JPA and Hibernate require you to write lots of Strings. You use them to create ad-hoc and named queries with JPQL, to define native SQL queries and to specify the fetching behavior in an EntityGraph. Until Java 13, the lack of multiline Strings in Java made all of these tasks either annoying to implement or the code hard to read. You either had to concatenate multiple Strings or put everything into a single-line String.

String sql = "SELECT new com.thorben.janssen.BookAuthorReviewCount(b.title, concat(a.firstName, ' ', a.lastName), size(b.reviews)) FROM Book b JOIN b.author a GROUP BY b.title, a.firstName, a.lastName"

That changed drastically with the introduction of Java Text Blocks. You can finally define Strings that span over multiple lines by using 3 quotation marks.

String sql = """
			SELECT new com.thorben.janssen.BookAuthorReviewCount(
							b.title, 
							concat(a.firstName, ' ', a.lastName), 
							size(b.reviews)
						) 
			FROM Book b 
				JOIN b.author a 
			GROUP BY b.title, a.firstName, a.lastName
			"""

As you can see, that made the SQL statement much easier to read. And because this is a standard Java feature, you can use it everywhere you use a String. But it’s especially useful if the String is long and complex enough to add linebreaks. Let’s take a look at a few examples.

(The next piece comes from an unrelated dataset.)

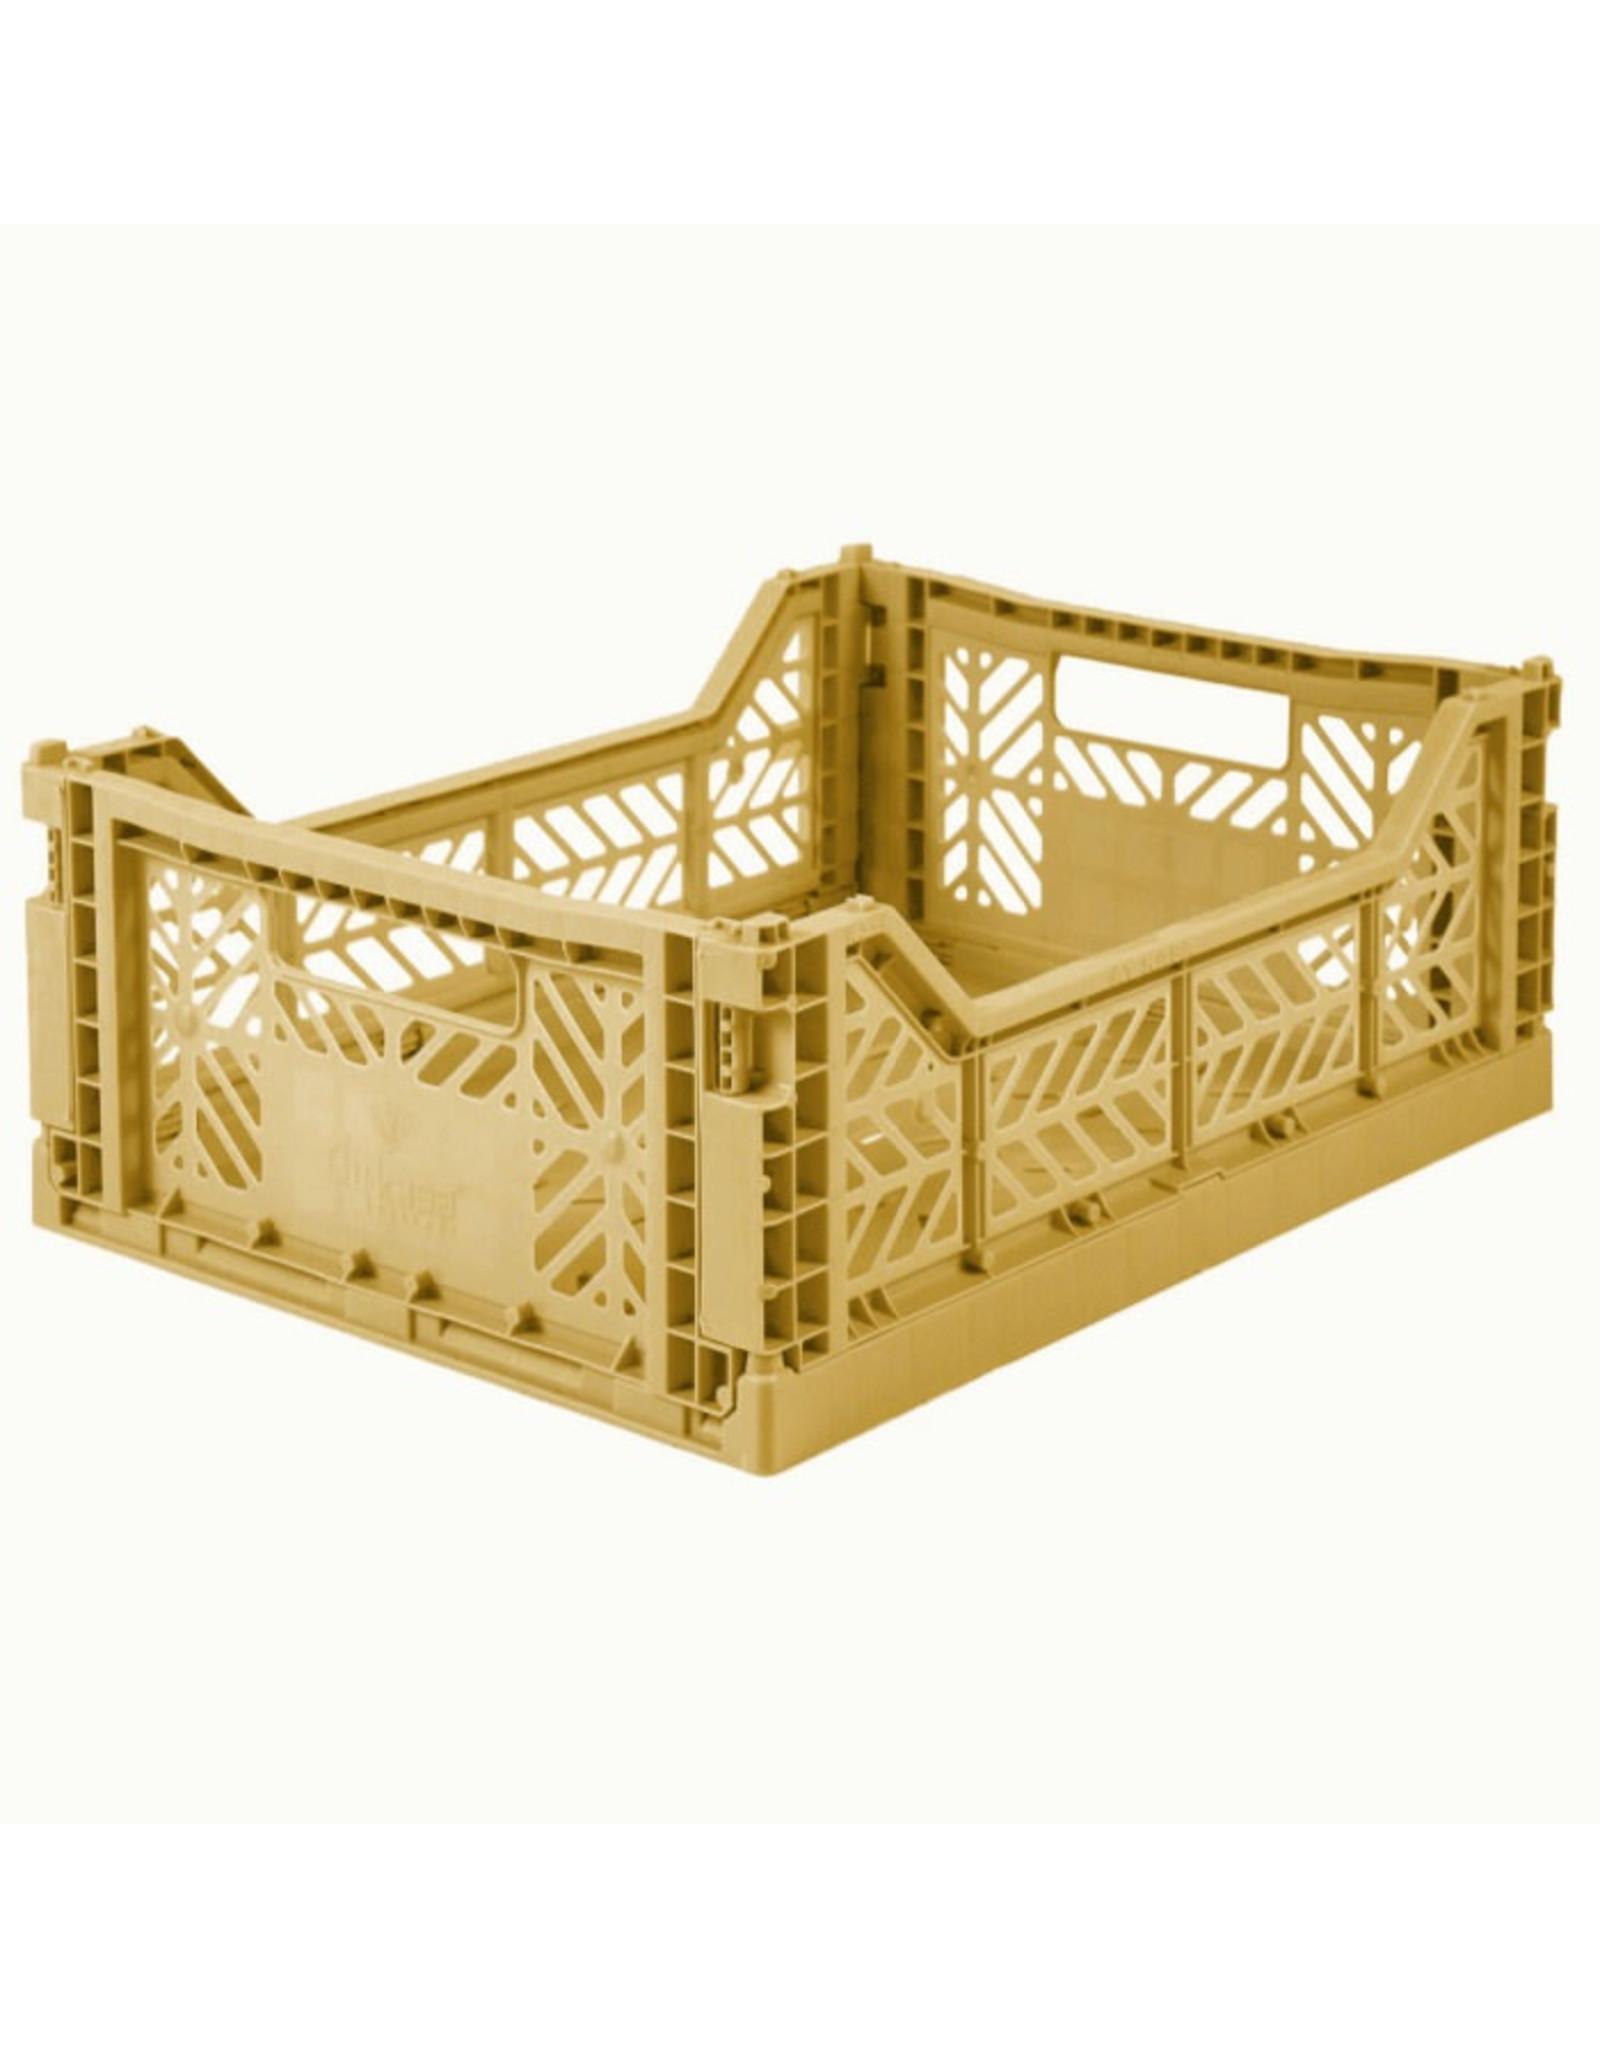 Ay-Kasa Aykasa Box - Midi - Gold

Text blocks in JPQL and HQL queries

JPA’s query language JPQL and the Hibernate-specific extension HQL enable you to write queries based on your entity model. The syntax is very similar to SQL, and I explained it in great detail in my guide to JPQL.

JPQL and HQL are not as powerful as SQL. Nonetheless, you can create pretty complex queries that are hard to read in a single line.

The following query returns BookAuthorReviewCount objects that might be used in a list view in the UI. The query selects the name the author by joining firstName and lastName, the title of the Book, and counts the number of Reviews of each Book.

This query isn’t easy to read if you write it as a simple, single line String.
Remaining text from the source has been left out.